The path to decarbonisation has been on the road for some time, trying to act on demand suppression with internationally tradable carbon certificates or taxes on CO2 emissions, both of which have pushed governments towards process optimisation and green conversions, often using public incentives. But all this has not helped. The demand for coal is constantly increasing, especially in developing countries that are growing industrially at a very fast pace.
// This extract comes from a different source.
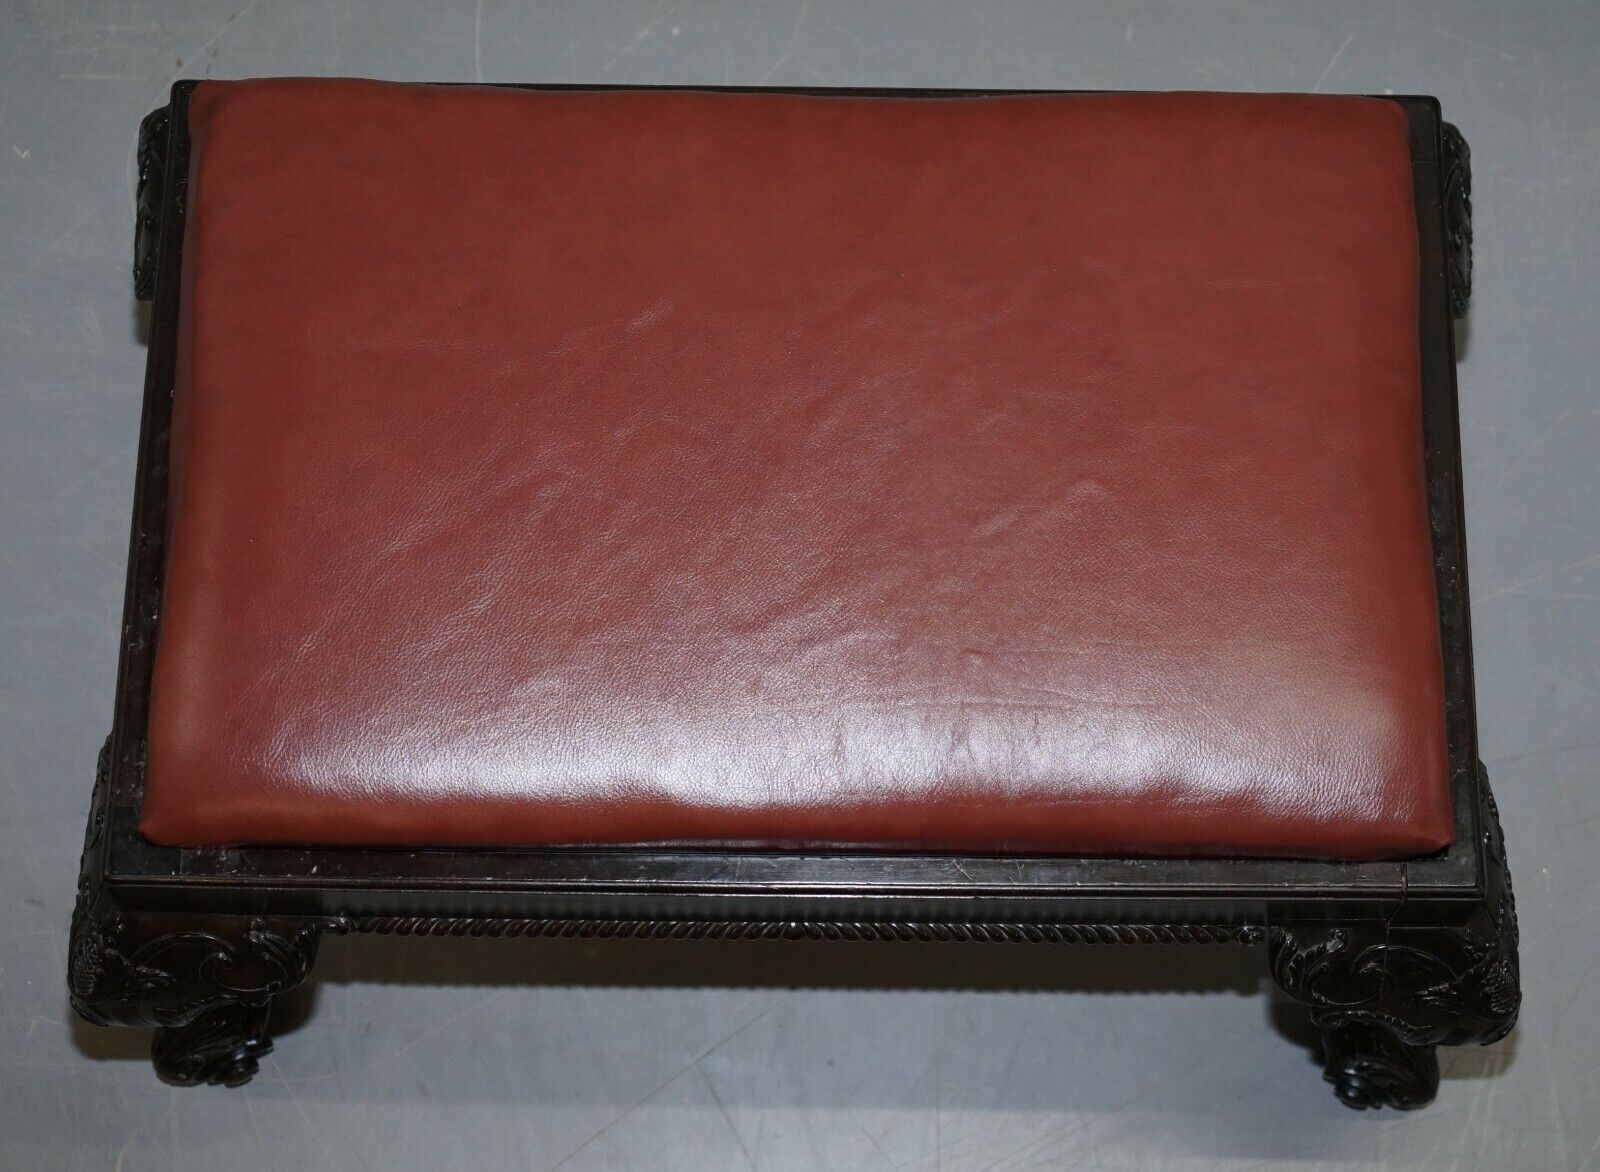 https://royalhouseantiques.co.uk/wp-content/uploads/imported/2/ANTIQUE-HAND-CARVED-ENGLISH-GEORGIAN-CLAW-BALL-FEET-FOOTSTOOL-BROWN-LEATHER-185372980372-4.jpg

Currently, energy demand is back to pre-pandemic levels. According to an analysis by BP, more will be used in 2021, considering the surge in demand – the most impressive in human history; at the same time, emissions have also returned to previous levels, as BP explains: ‘Significant progress has been made on sovereign commitments to achieve net zero, but these growing ambitions have yet to translate into tangible progress on the ground. The world remains on an unsustainable path”.
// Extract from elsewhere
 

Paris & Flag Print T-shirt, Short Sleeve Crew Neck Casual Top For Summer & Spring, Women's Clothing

Global fossil fuel consumption by type
Yet at least 13% of the energy produced in 2021 relied on renewable sources, a 17% increase over the previous year: the problem is that the use of fossil fuels remains very high. In freight transport, a sector responsible for 14% of greenhouse gas emissions, the dynamics are not so different: with the Covid-19 crisis, global demand for oil fell by 57% in the early 2020s and then rebounded in 2021, so that consumption is just 3% below pre-Covid-19 levels again, but this is only because the aviation sector has a slower recovery.
According to the IEA, we will see a steady growth in demand for fossil fuels for global use until at least 2025, when a turnaround will begin: under the assumed scenario, oil demand will peak just after 2025 (97 million barrels per day) and then fall by about 1 million barrels per day per year until 2050, but only if current climate commitments are fully met; otherwise, in the most pessimistic forecasts, the turnaround could be in 2050. Even in the most optimistic scenario, 77 million barrels per day will still be consumed worldwide in 2050 – less than the current 100 million barrels per day, but still too many. Not an easy situation for those who aim to achieve the coveted ‘net zero’ climate change emissions by 2050.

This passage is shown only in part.